Baseball’s Biggest Problem

The biggest problem facing Major League Baseball, bar none, is its regressive, exploitative wage structure.

For the first six full years of a player’s major league service time, he makes below market value for his services. For three or four years, depending on when he’s called up, a player makes the league minimum. It goes without saying that this is detrimental to labor, as regardless of a man’s output, he’s paid less than a tenth of what a win above replacement is worth on the open market. This creates obscene excess value, even outside of extremes like Mike Trout, Bryce Harper, and Clayton Kershaw.

In the 2017 season, the Boston Red Sox got 2.6 wins above replacement out of outfielder Andrew Benintendi. With a conservative estimate of a win above replacement being worth about $6.5 million, his 2017 season was worth $16.9 million dollars on the open market, and he only earned the league minimum, which was $535,000.
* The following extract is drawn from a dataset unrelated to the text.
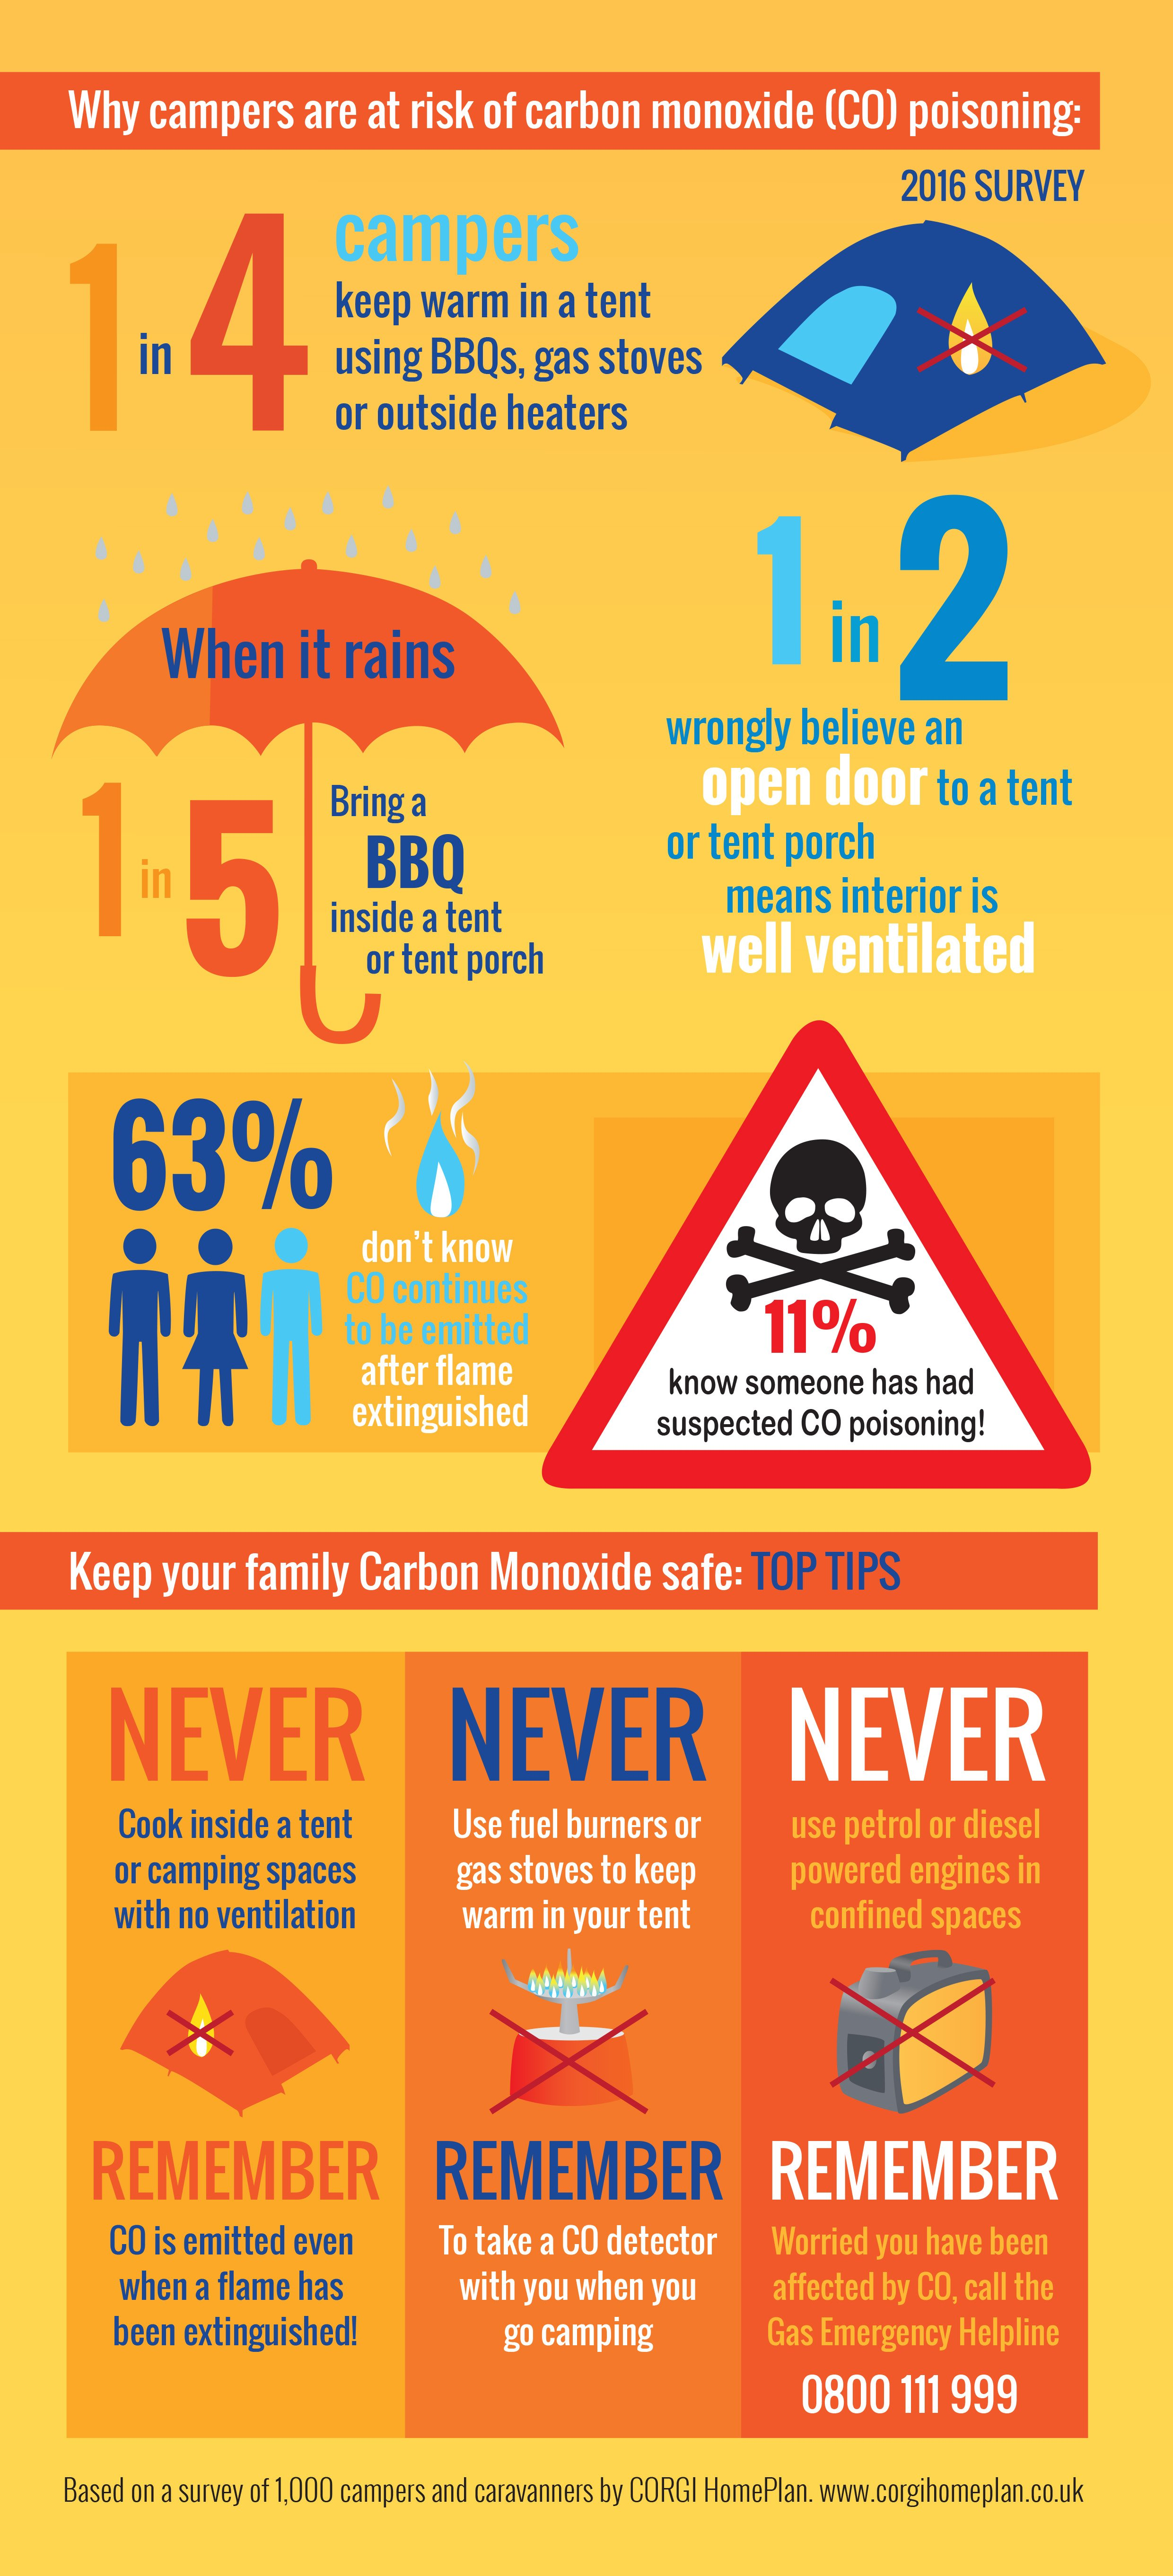 The Dangers of Carbon Monoxide when Camping

The arbitration system, which kicks in after the years at league minimum, is not much better for labor. Again, the system of players and teams bargaining over salary to an arbitrator suppresses wages and breeds resentment between teams and labor. It’s in the team’s best interest to downplay the abilities of their players, and the outdated nature of the data that is allowed to be used in arbitration creates a gulf between value and earnings, on top of the depression that arbitration intends to create.
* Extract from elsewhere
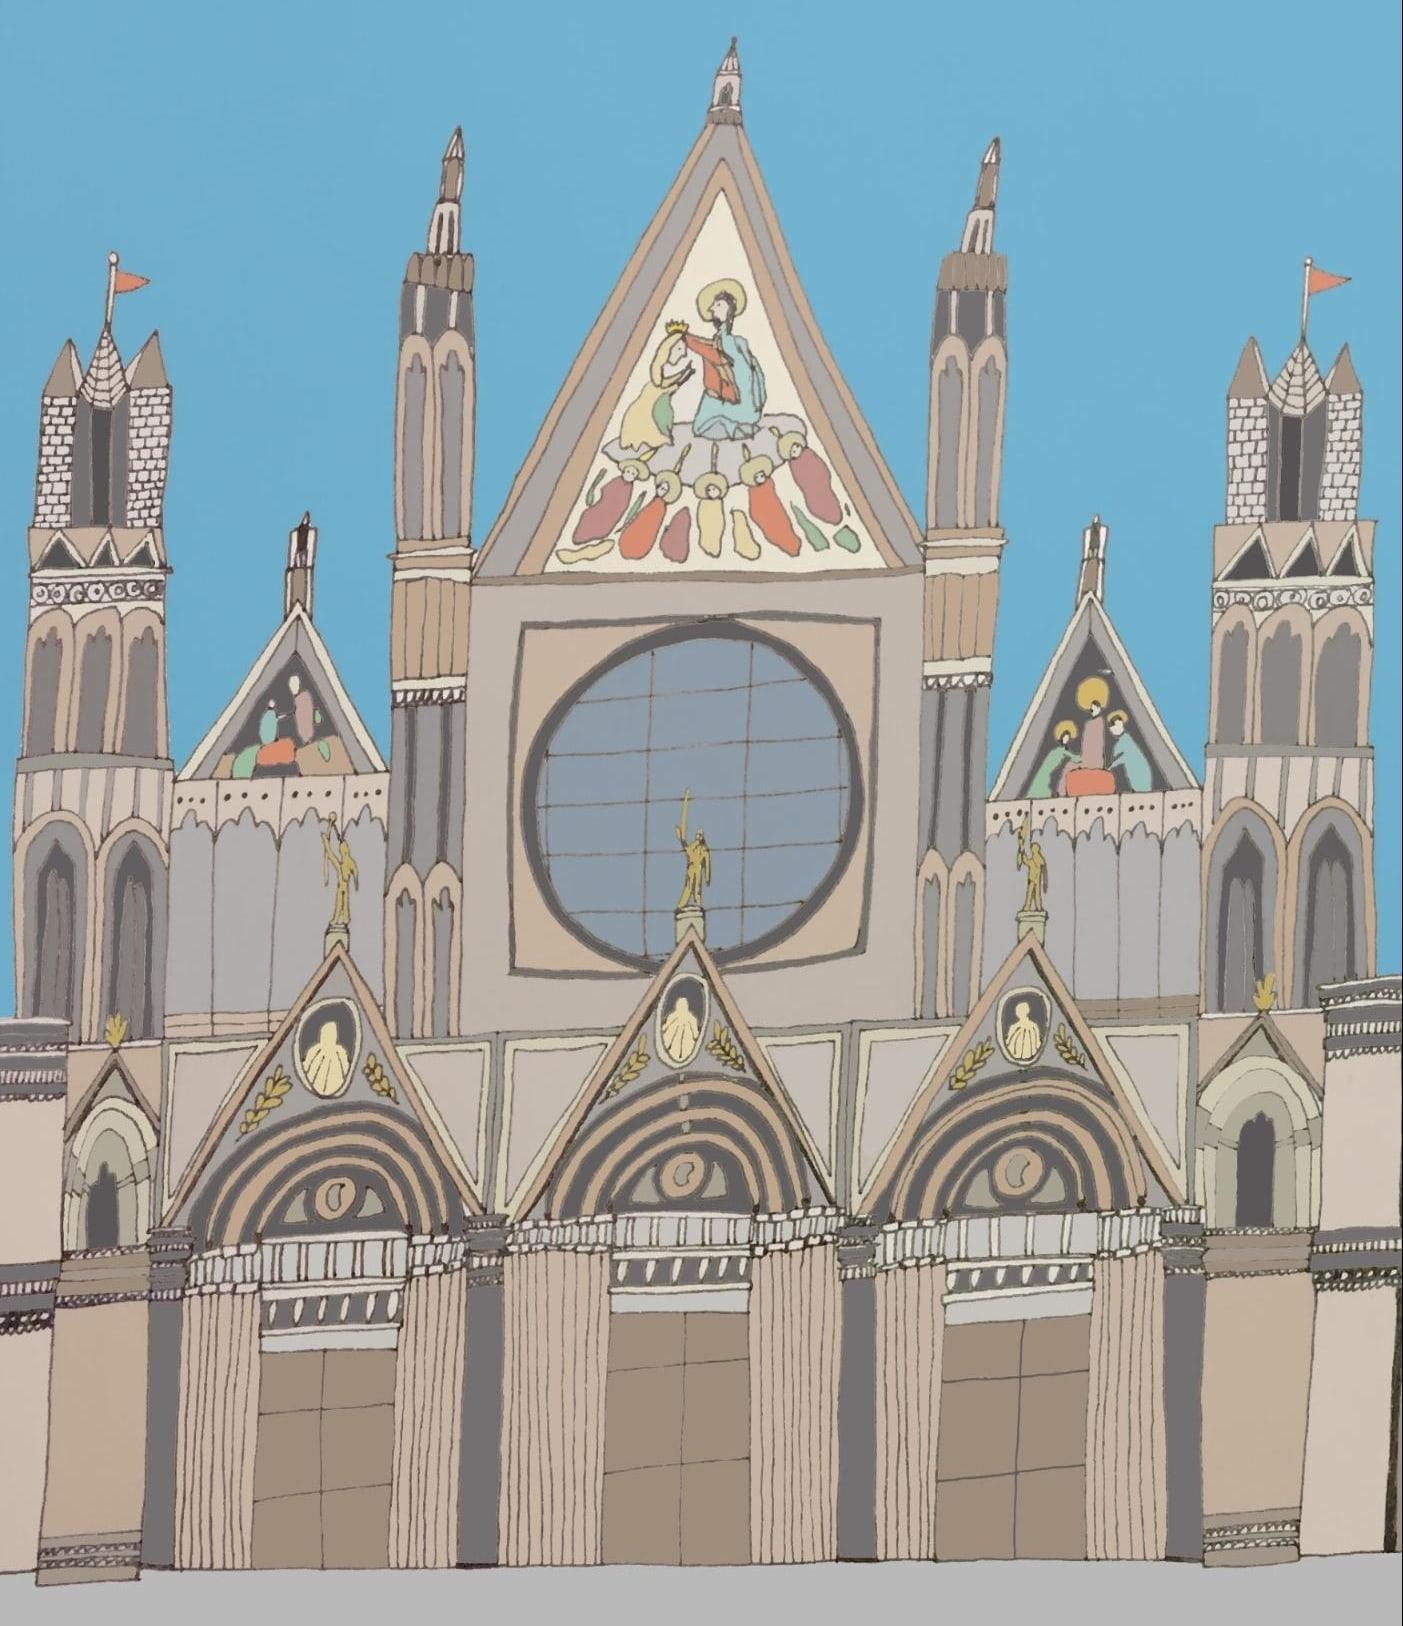 How-church-architecture-min.jpg

This offseason, with the luxury tax’s harsh penalties making it into something of a hard salary cap, many of the league’s best free agents are still without teams because teams are unwilling to meet their demand in years and/or salary. In the past, players have been able to make up for lost earnings in their min/arbitration years with big paydays in free agency. But if at no point a player can earn true market value for his abilities, the system must be changed.